SOURCE MATERIAL ::
▼▼▼
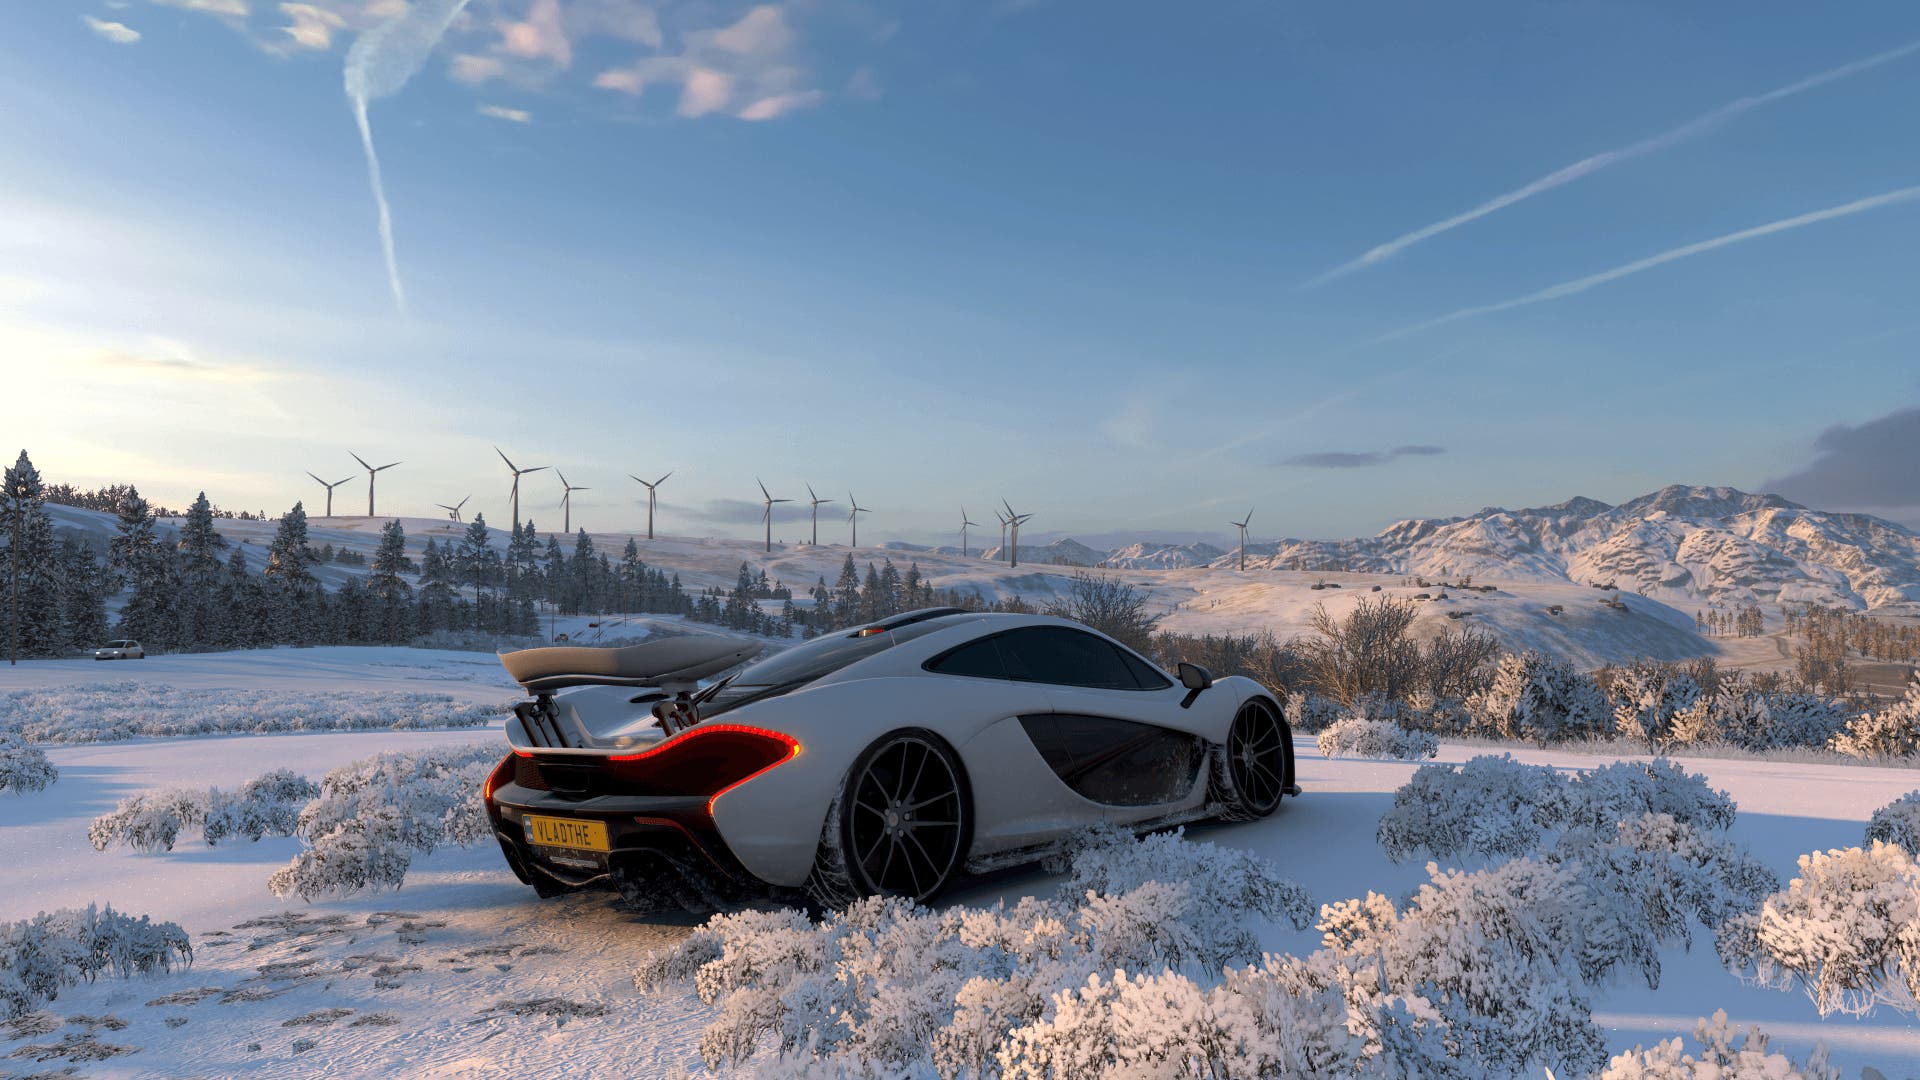 Confira os requisitos mínimos e recomendados de Forza Horizon 5 para PC
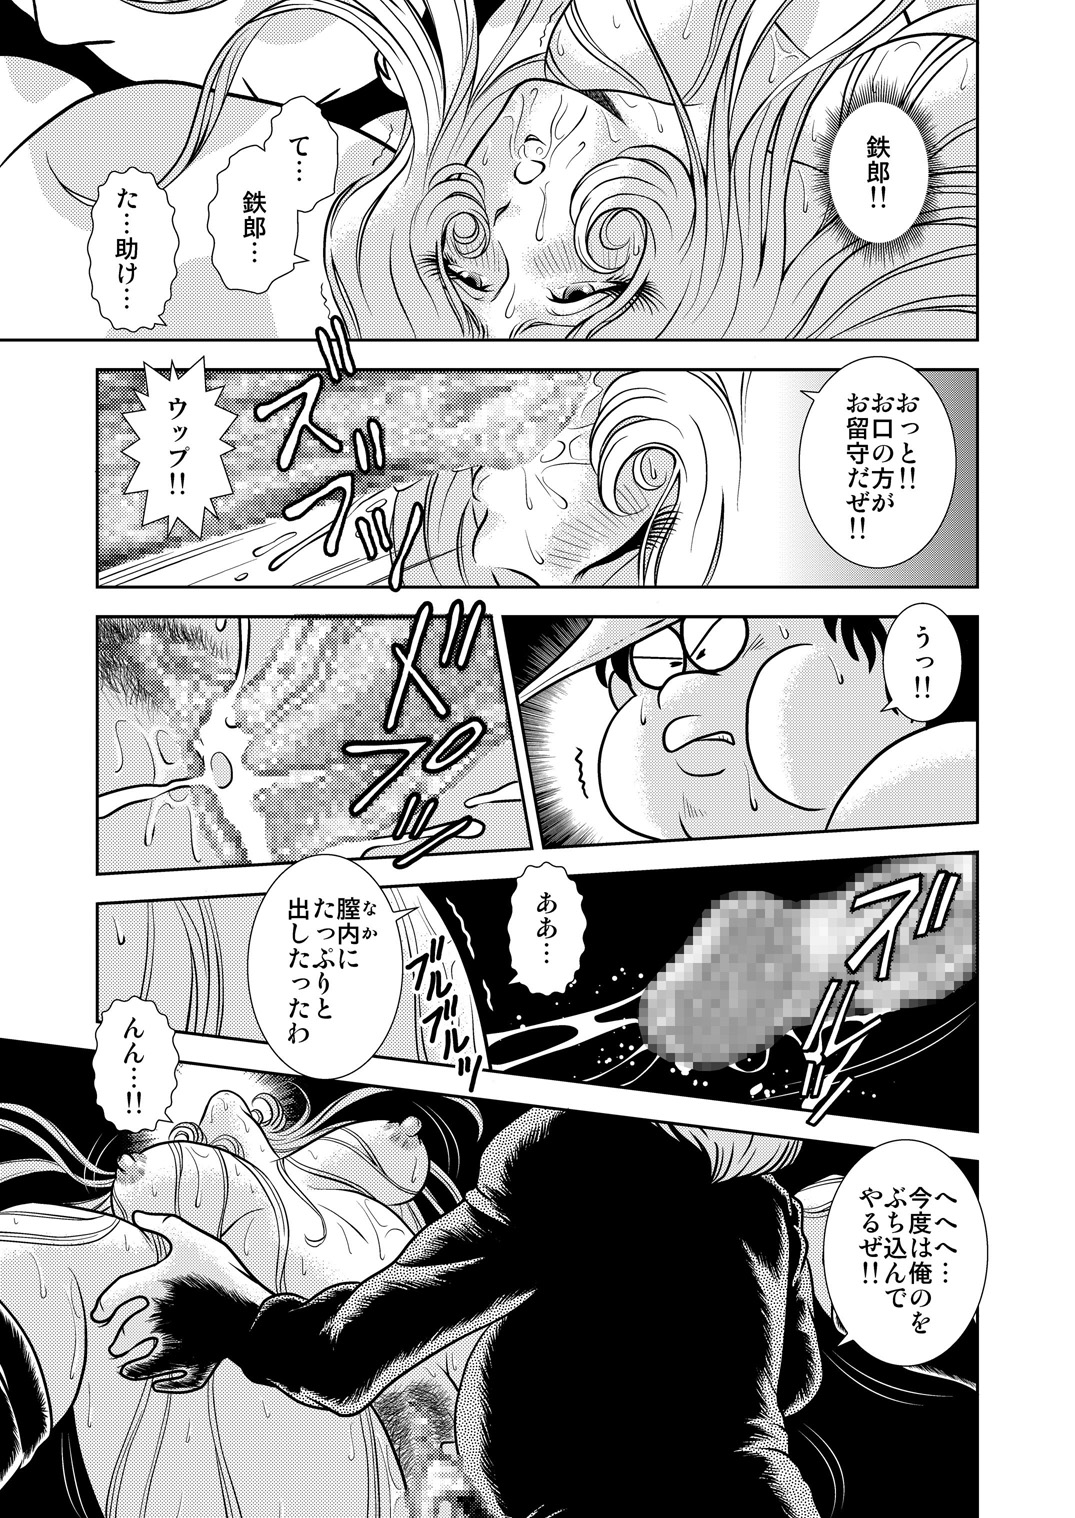 [かぐや姫] Maetel Story 7 (銀河鉄道999)
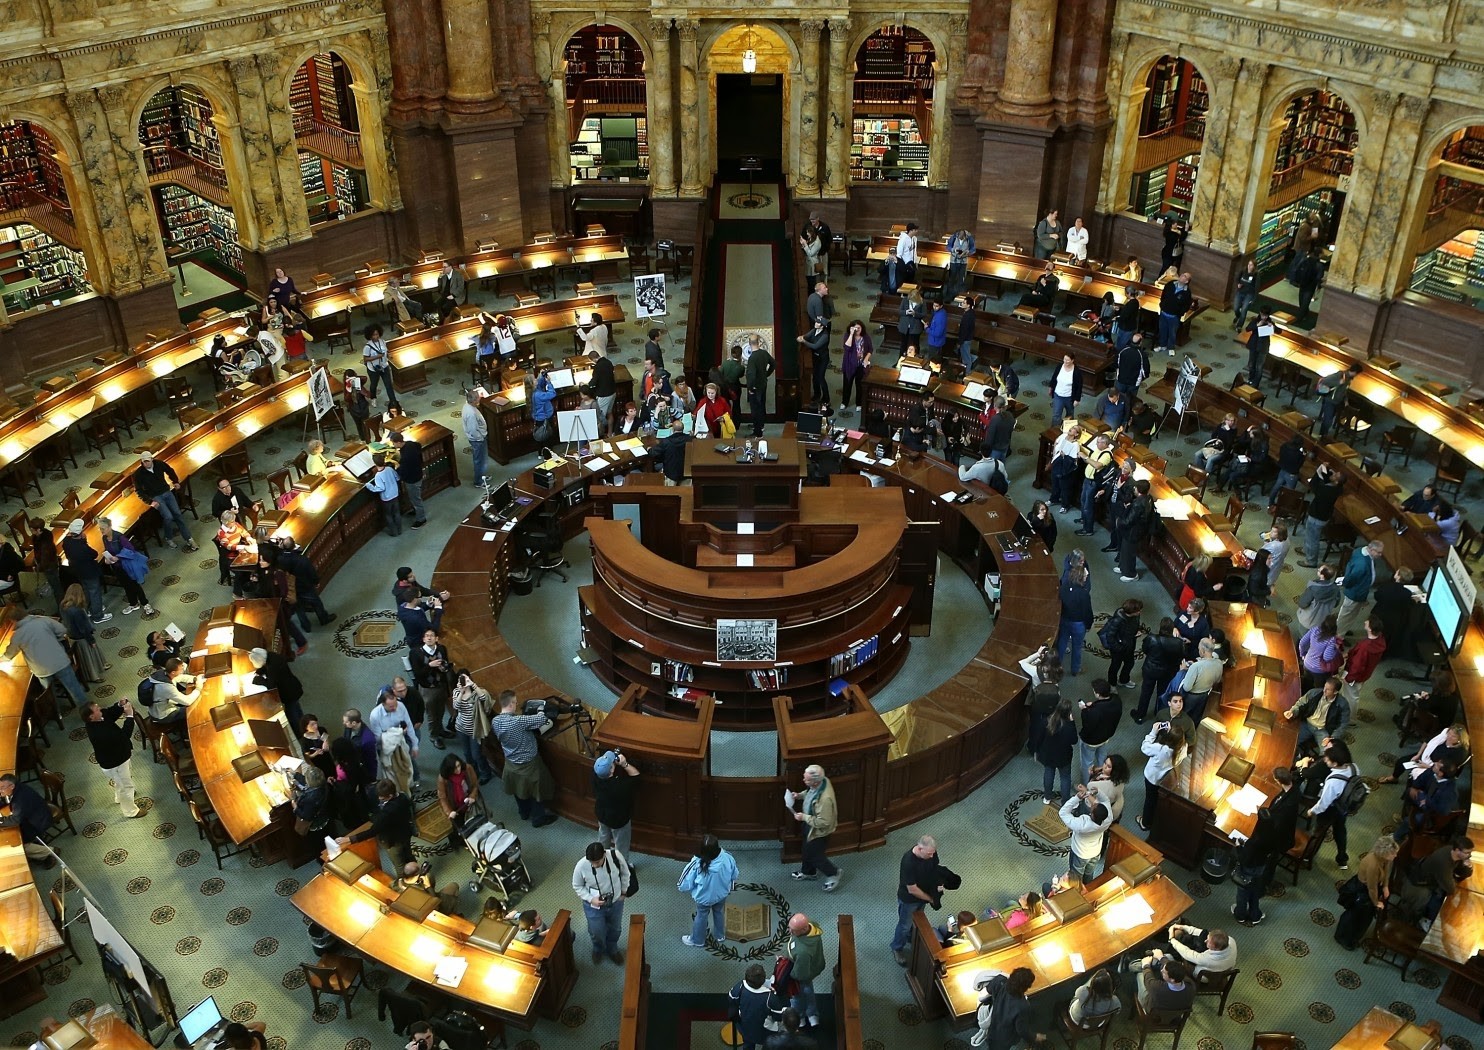 المكتبات في أمريكا .. تعرف على 6 من أعرق المكتبات حول العالم
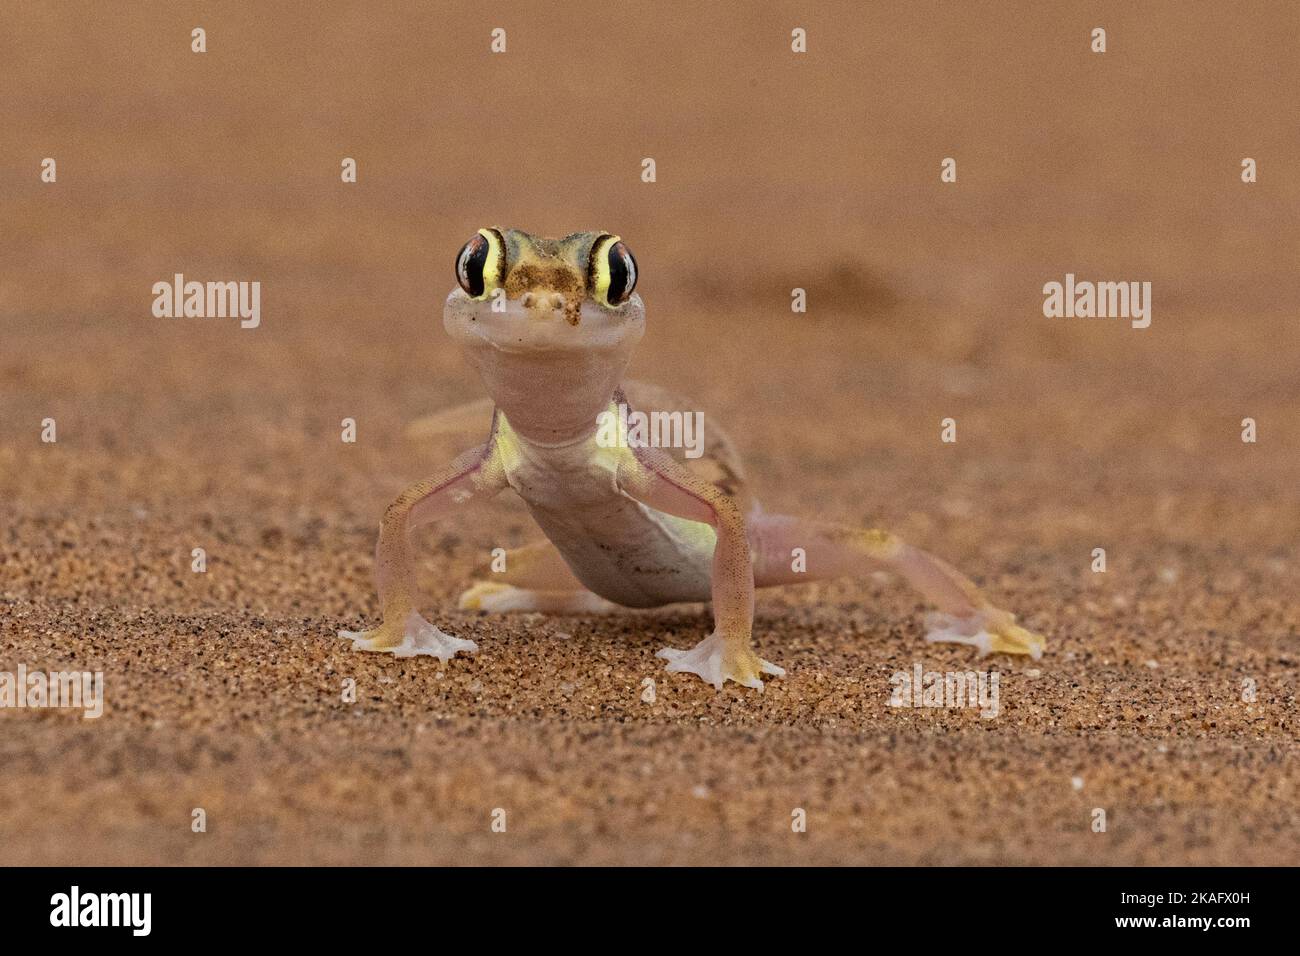 Pachydactylus rangei, le gecko de sable namib ou le gecko namib à pieds sur le web Banque D'Images
▲▲▲
In the answer, retype exactly and only the lines from the one holding "المكتبات في أمريكا" through the end of the listing, keeping both ends and dropping every picture.

WRITTEN ANSWER ::
 المكتبات في أمريكا .. تعرف على 6 من أعرق المكتبات حول العالم
 Pachydactylus rangei, le gecko de sable namib ou le gecko namib à pieds sur le web Banque D'Images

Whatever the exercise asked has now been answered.